If the VPN is encrypted, the attacker is not able to read the communication within the network without breaking the encryption or guessing the encryption key. Also the attacker can not send or manipulate data within the VPN as the encryption contains tags that prevent forging or manipulation of messages. Since the encryption is based on single messages, the attacker can suppress, delay, and duplicate messages within a short period of time (i.e. 1-2 seconds). The VpnCloud protocol is resistant to those attacks, as those are effects that also happen in the Internet by chance.

The attacker can not take a message sent by one peer and instead send it using the address of a different peer. This is prevented by the per-connection encryption.

If connections in the VPN are not encrypted, the attacker can read all the payload data and see the inner communication of those connections. It can also manipulate the payload, or forge payload packets and send them using any source address.

Scenario 3: Attack by a peer

Attacker capabilities & knowledge: The attacker is part of the VPN as a peer. This includes knowledge of one trusted private key and the current encryption key (if any) of at least one connection.

The attacker will learn the addresses of all other peers (by the peer list exchange) and the addresses used within the VPN (either by IP claims of the peers or by listening to the ARP protocol). This information can be used for further attacks on peers and their provided services.

Being a peer, the attacker can send VpnCloud protocol messages to other nodes. In this case, the attack surface is the whole packet forwarding and message parsing code in VpnCloud. However, this code has been written with security in mind in a language that is built to provide safety guarantees. Thus, the likelihood of there being a bug that allows the attacker to send specially crafted VpnCloud messages to execute arbitrary code on the peer is very very low. Nevertheless, VpnCloud supports parameters to drop privileges after setting up the interface and to run as a unprivileged user from there on. The service definition of VpnCloud restricts the service even further, e.g. disallowing most filesystem accesses.

Using the VpnCloud protocol, the attacker can claim any address within the VPN and if necessary steal that address from another peer. The attacker can redirect selected traffic within the VPN to itself.

The attacker can send forged packets within the VPN with any source IP address. This is not restricted to addresses within in VPN network. Under default settings, Linux filters out any packets received on a networking interface with a source address that would not be routed via that interface. This behavior is called "reverse path filtering" and can be disabled by the "rp_filter" option of the interface. If this setting is disabled at a node, packets with forged source addresses ("martian packets") can be sent by the attacker. Please see CVE-2019-14899 for a common misconfiguration that affects this setting.

The attacker can send packets to peers with any destination IP address. Under default settings, Linux will not forward packets with destination addresses that do not belong to the node. This behavior can be changed by the "ip_forward" option of a network interface. If enabled, the node will forward packets with any destination address to that address via routing. The attacker can use this to reach and attack addresses via the peer that it could not reach directly. In most cases however, the attacker will not be able to receive replies from the destination as that would require additional routing settings at the destination.
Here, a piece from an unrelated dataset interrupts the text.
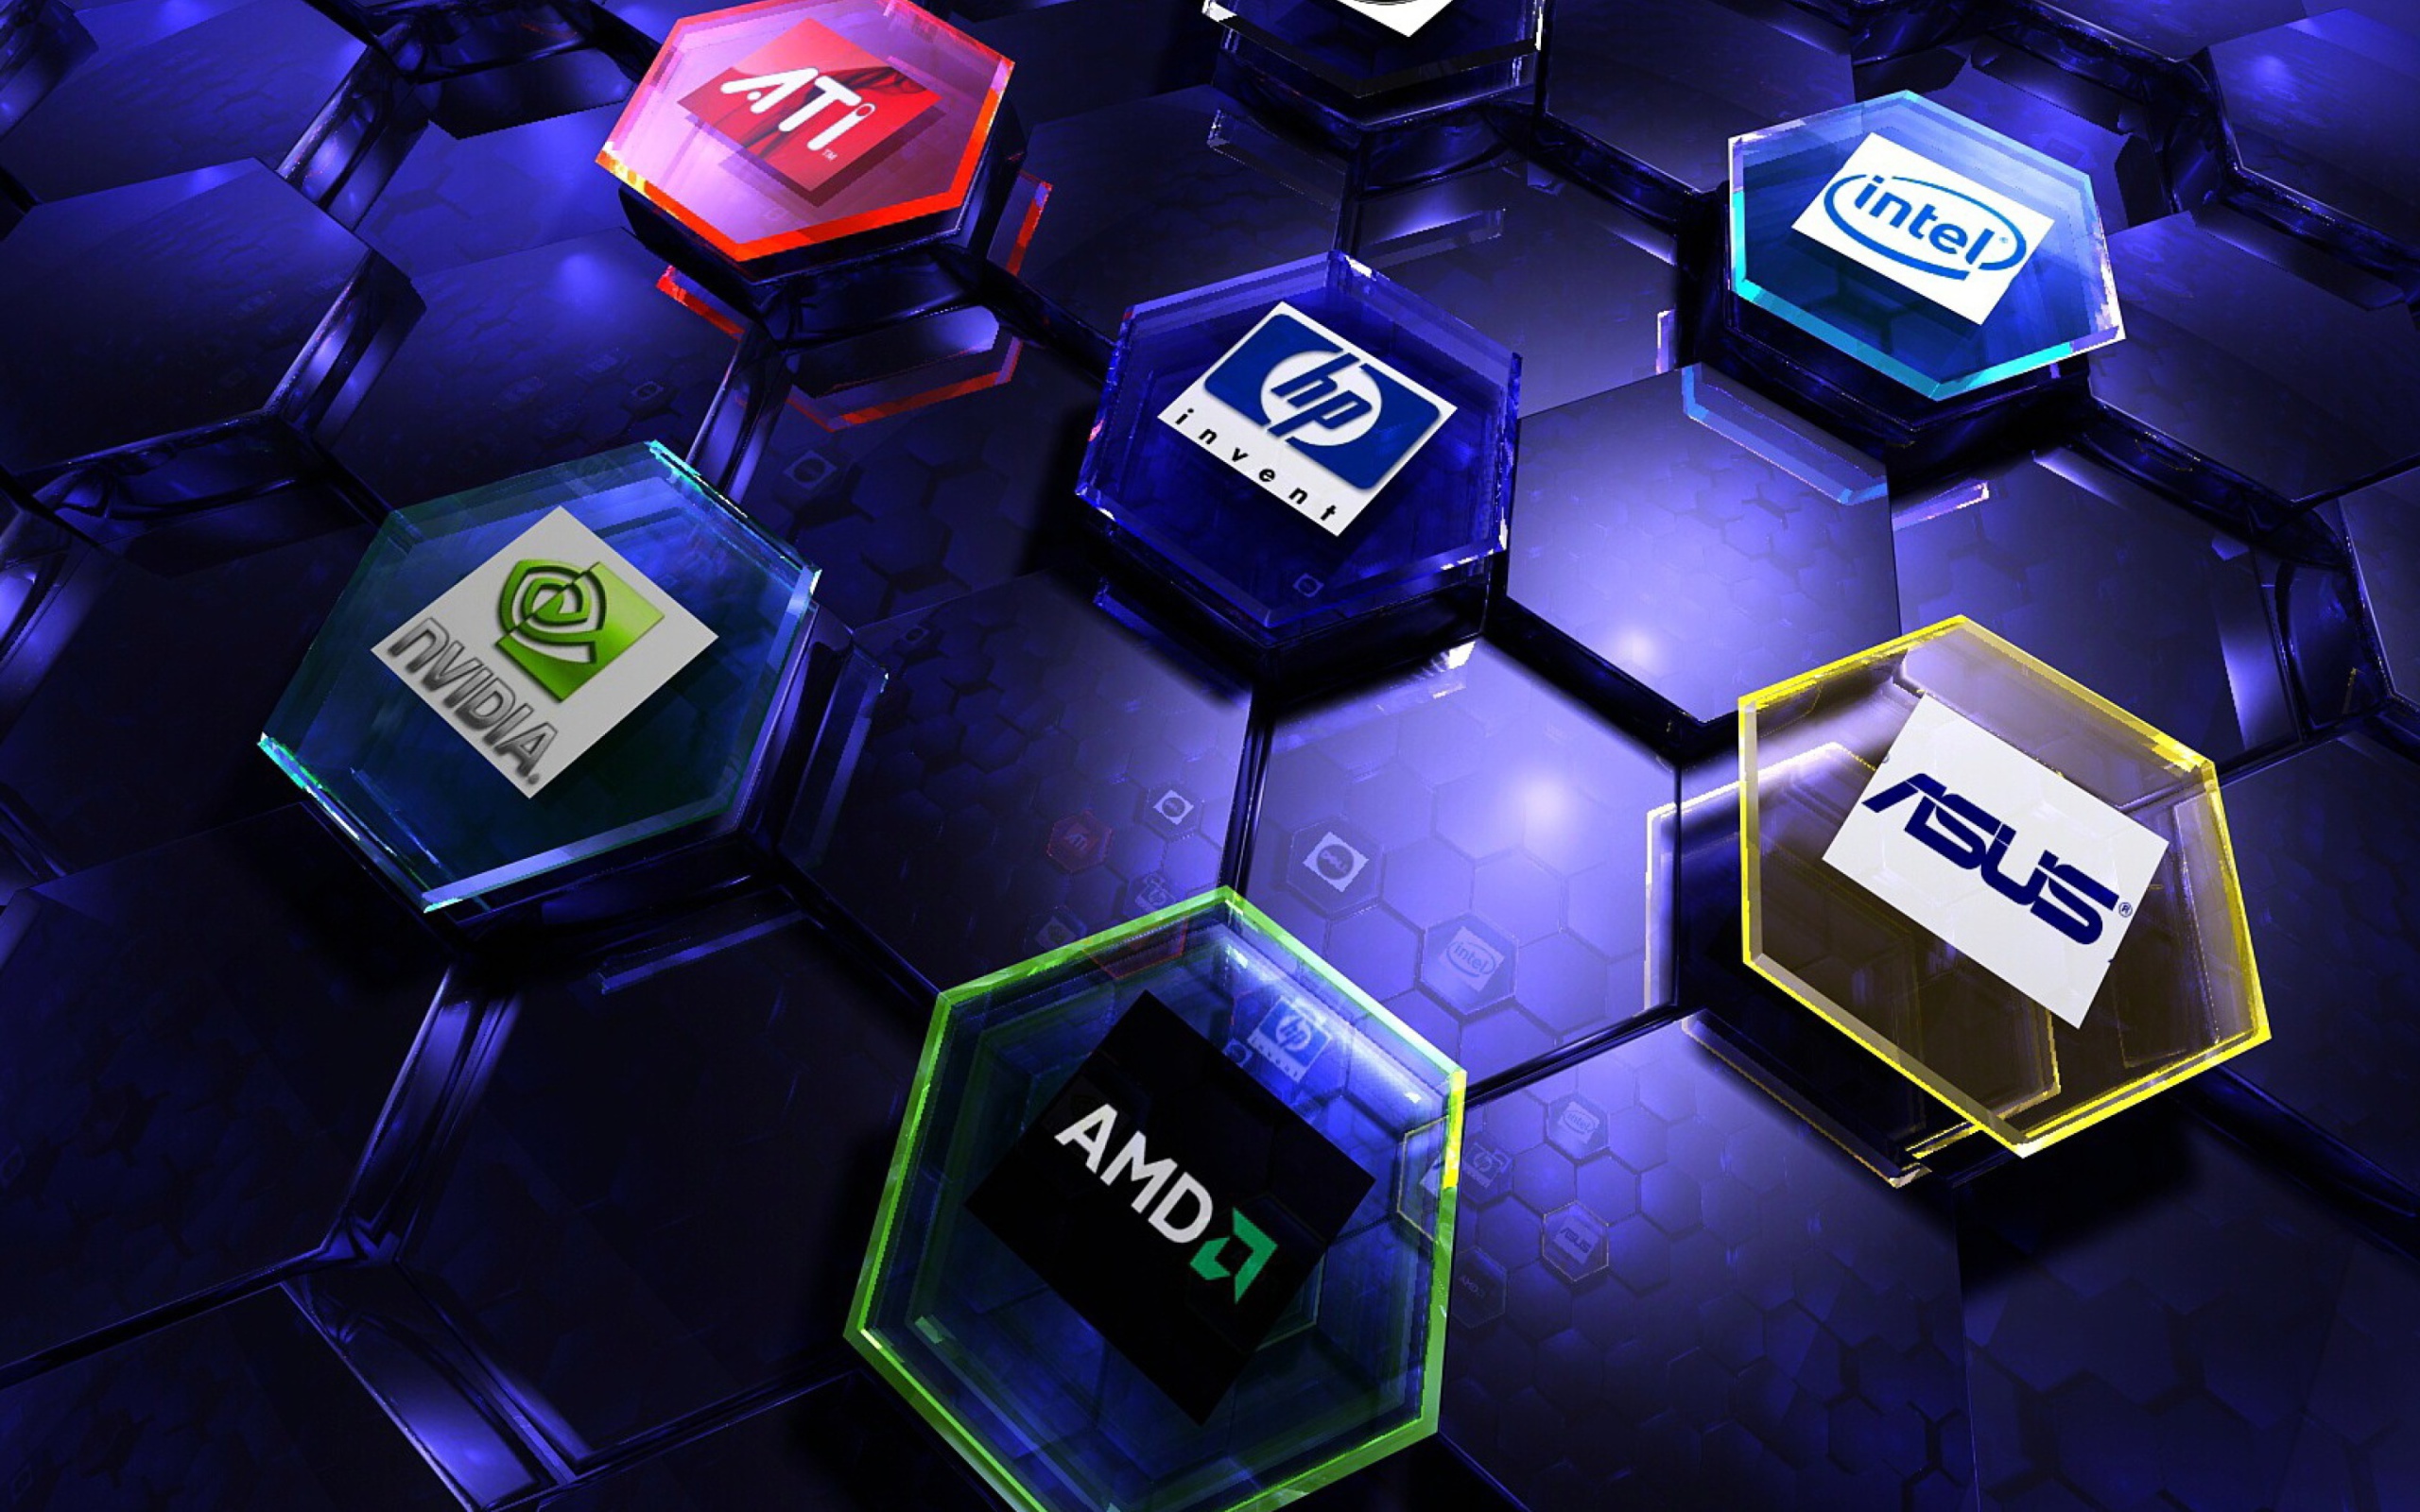 Sfondi Hi-Tech Logos: AMD, HP, Ati, Nvidia, Asus 2560x1600

Some of those attacks could be prevented by applying iptables rules to the virtual interfaces that restrict communication based on IP address ranges. Also VpnCloud nodes should only change the default interface options if necessary.

Security History

Since the start of the project in 2015, VpnCloud had only one security related issue. The problematic code was pushed to the codebase but removed 2 days later before the next release, so no release version was affected. Nevertheless a security announcement was issued and measures were taken to avoid similar bugs in the future.

No other security related issues have been reported or observed.